This document specifies the tool-calling interface contract between Eric's supplier bot V2 pipeline and Sourcy's production infrastructure. It covers: what tools fire, what signals they produce, the exact API format, grounding guarantees, and what Sourcy needs to build to consume the output.
The system has two LLM agents that run sequentially. The conversation bot talks to suppliers in real-time and captures data via tools. The summary agent analyzes the completed conversation and emits operational signals.
// 1. Conversation bot runs, produces: { history: [/* bot ↔ supplier message array */], botToolTrace: [/* structured data captures */], status: "completed" | "no_reply" | "rejected" | "wechat_redirect" } // 2. Summary agent reads the outcome, produces: { signals: [/* operational signals for brain/ops */], brainReceipt: {/* confirmation from brain endpoint */} }
These are data-capture tools. They write to an in-memory array (botToolTrace) that is returned as part of the conversation outcome. They do not call external APIs. Sourcy reads botToolTrace from the outcome object.
| Tool | Purpose | Status | Evidence |
|---|---|---|---|
log_data |
Record a sourcing datapoint (MOQ, price, lead time, etc.) | LIVE | Fires in 10/10 benchmark cases. All grounded. |
note_blocker |
Record a goal blocker (MOQ mismatch, spec refusal) | LIVE | Fires in 3/10 applicable cases. All grounded. |
note_file_request |
Record supplier asking for buyer file (logo, design) | LIVE | Fires in 6/10 applicable cases. All grounded. |
acknowledge_media |
Record supplier sending images/files | TEXT TOKENS ONLY | Fires on [图片] tokens. Real multimodal (vision) not wired. |
{
"turn": 2,
"name": "log_data",
"args": {
"goalId": "moq", // matches goal taxonomy
"value": "300", // extracted value
"supplierQuote": "300起" // exact supplier wording
}
}
{
"turn": 4,
"name": "note_blocker",
"args": {
"goalId": "customization",
"blockerType": "quantity_too_low", // moq_mismatch | spec_refusal | authority_boundary | price_dead_end | quantity_too_low
"reason": "50个数量太少,无法做胶标Logo",
"supplierQuote": "这么少,做不了"
}
}
{
"turn": 5,
"name": "note_file_request",
"args": {
"assetType": "logo", // logo | design | spec_sheet | sample_photo | other
"urgency": "blocking_quote", // blocking_quote | nice_to_have
"supplierQuote": "要不你们提供给我们?"
}
}
{
"turn": 3,
"name": "acknowledge_media",
"args": {
"mediaType": "image", // image | file
"description": "产品图和包装图",
"supplierQuote": "[图片] 这是我们的产品图和包装图"
}
}
These tools emit operational signals that need a downstream consumer. Currently wired to a local JSON file (dummy-brain-endpoint.js). Sourcy must replace this with their brain/ops API.

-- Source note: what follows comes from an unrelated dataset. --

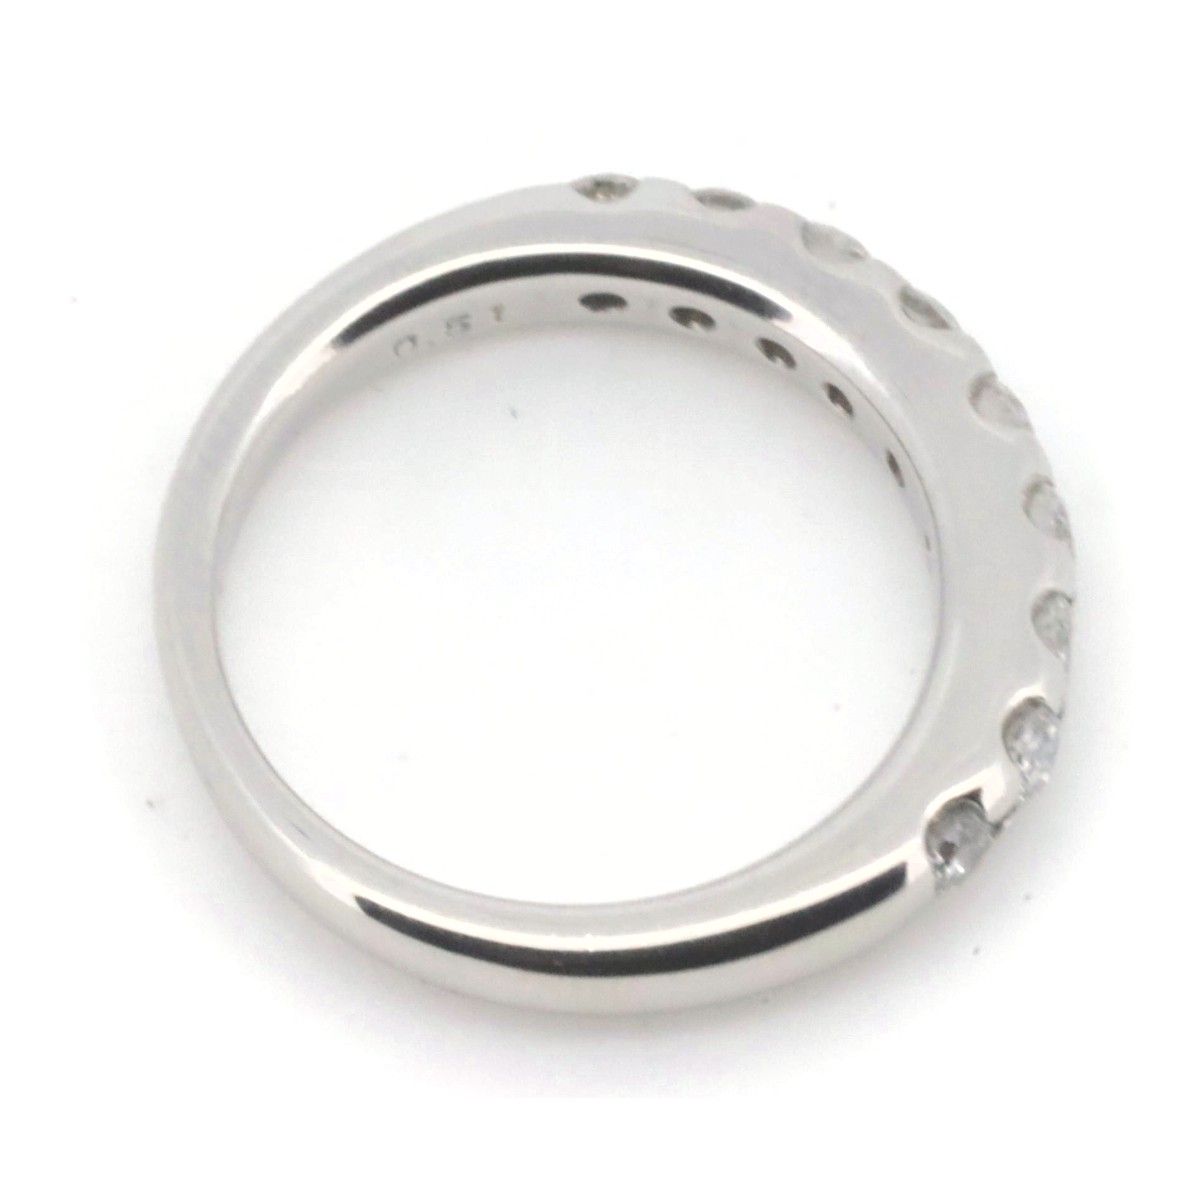 安い高評価PT900 リング 指輪 9.5号 ダイヤ 0.457 VVS2 ダイヤ 0.05 鑑定書 総重量約3.6g☆0315 プラチナ台
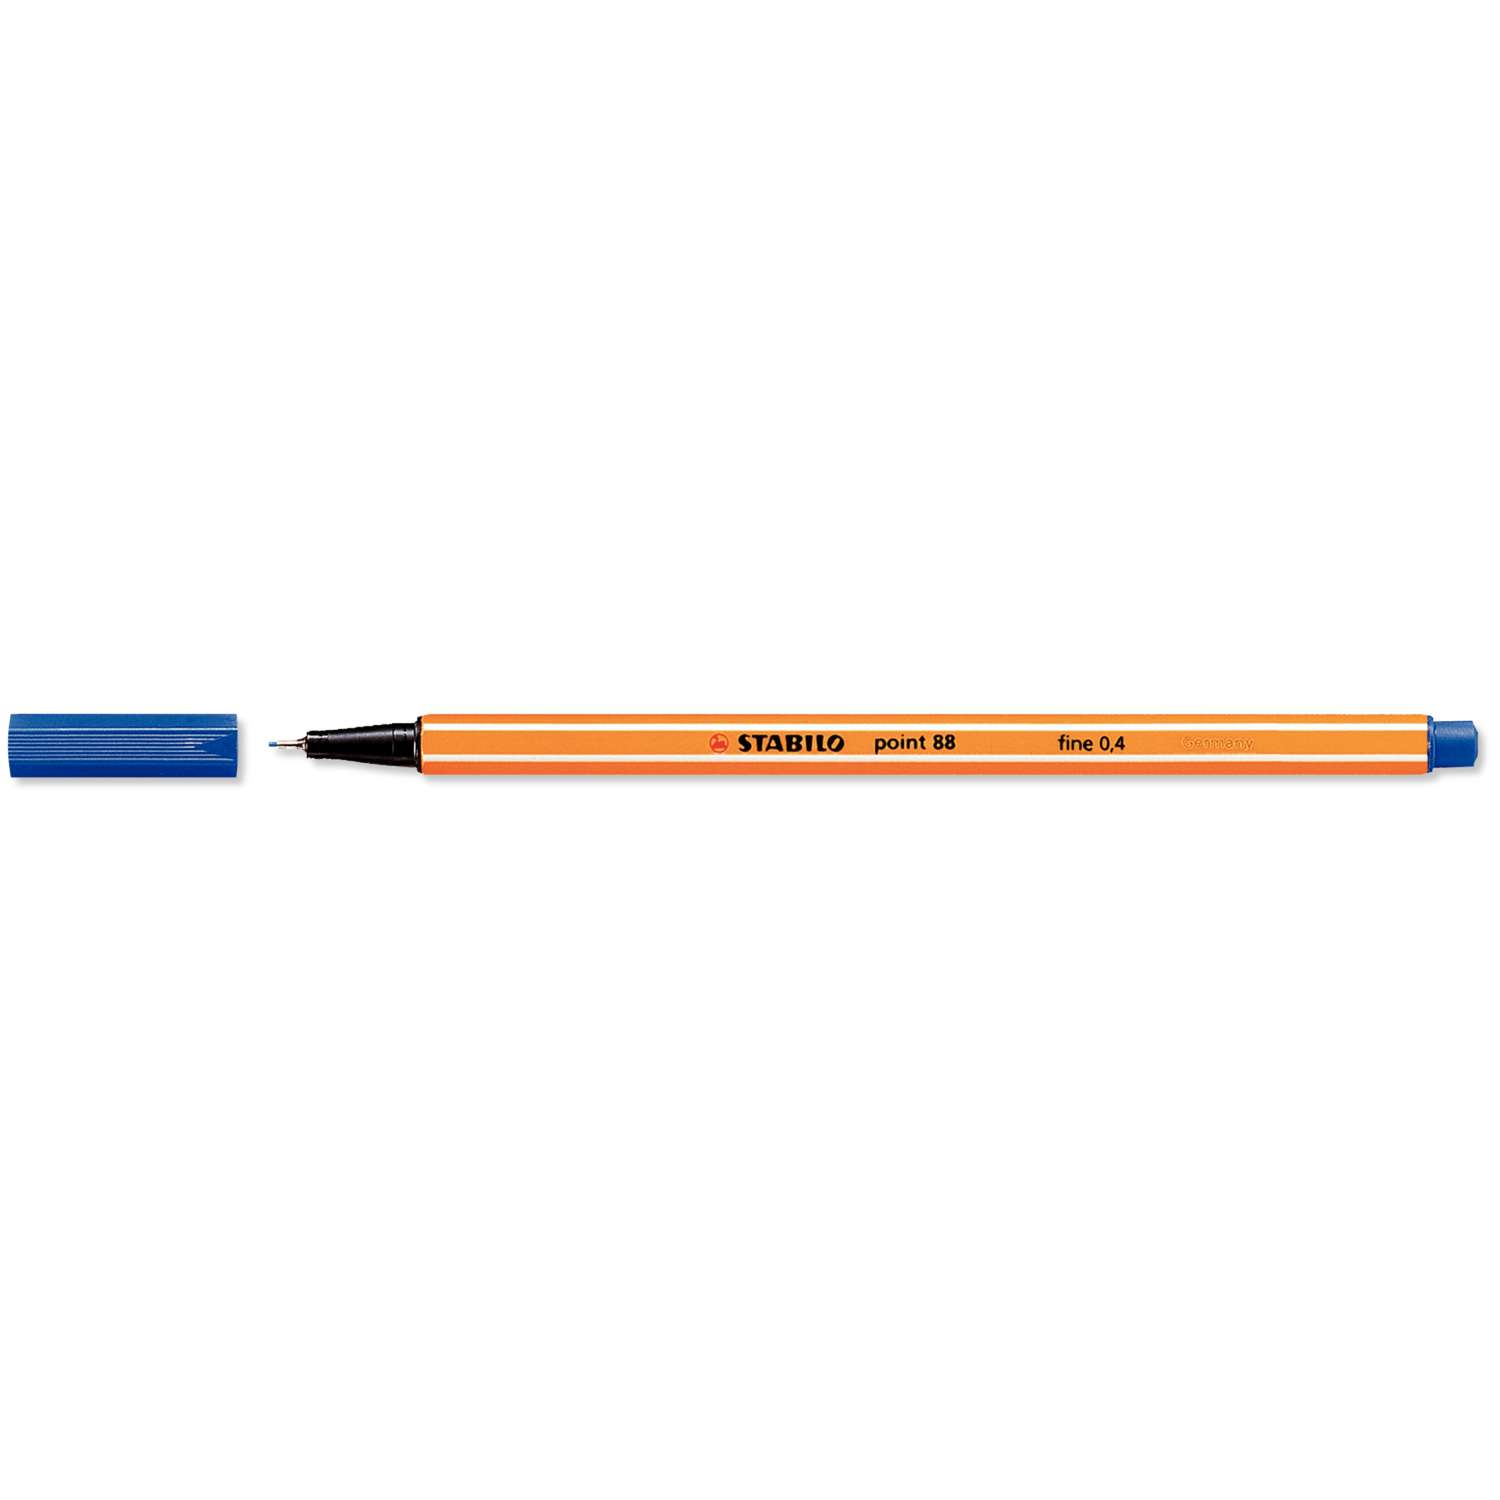 STABILO penna pennarello stabilo point 88 punta fine fineliner 0,4 per disegno contorni

| Tool | Purpose | Output Signal Type | Status |
|---|---|---|---|
emit_signal |
Asset requests, manual review needs | asset_request, manual_review |
DUMMY ENDPOINT |
extract_timing |
Follow-up scheduling with delay estimate | schedule_follow_up |
DUMMY ENDPOINT |
flag_escalation |
Blocked goals needing human/brain attention | human_escalation |
DUMMY ENDPOINT |
receiveSignals(signals) endpoint that accepts the signal array below. The current dummy writes to a local JSON file. The interface is simple but has never been tested against a real backend.
{
"sessionId": "mes2-01-moq-rejection",
"supplierId": "supplier-123",
"supplierName": "常箱伴皮具源头工厂",
"source": "summary-agent-llm",
"timestamp": "2026-04-02T10:04:56.947Z",
"signalType": "human_escalation",
"severity": "medium", // low | medium | high
"reason": "quantity_too_low: Buyer needs to increase order quantity.",
"goalId": "customization",
"blockerType": "quantity_too_low",
"supplierQuote": "这么少,做不了",
"suggestedUnlock": "Buyer increases quantity to 300+"
}
{
"sessionId": "mes2-08-timing-tomorrow",
"signalType": "schedule_follow_up",
"severity": "medium",
"reason": "Supplier indicated timing: \"明天出去找一下五金\" (~24h).",
"followUpTiming": {
"delayHours": 24,
"rawPhrase": "明天出去找一下五金",
"confidence": "high" // high | medium | low
}
}
{
"sessionId": "mes2-06-file-request",
"signalType": "asset_request",
"severity": "high",
"reason": "Supplier needs logo file before quoting on customization.",
"goalId": "customization",
"supplierQuote": "logo发我一下可以吗?"
}
The pipeline calls Gemini's generateContent endpoint with function declarations. Sourcy's chatServer must be able to pass through or adapt this format.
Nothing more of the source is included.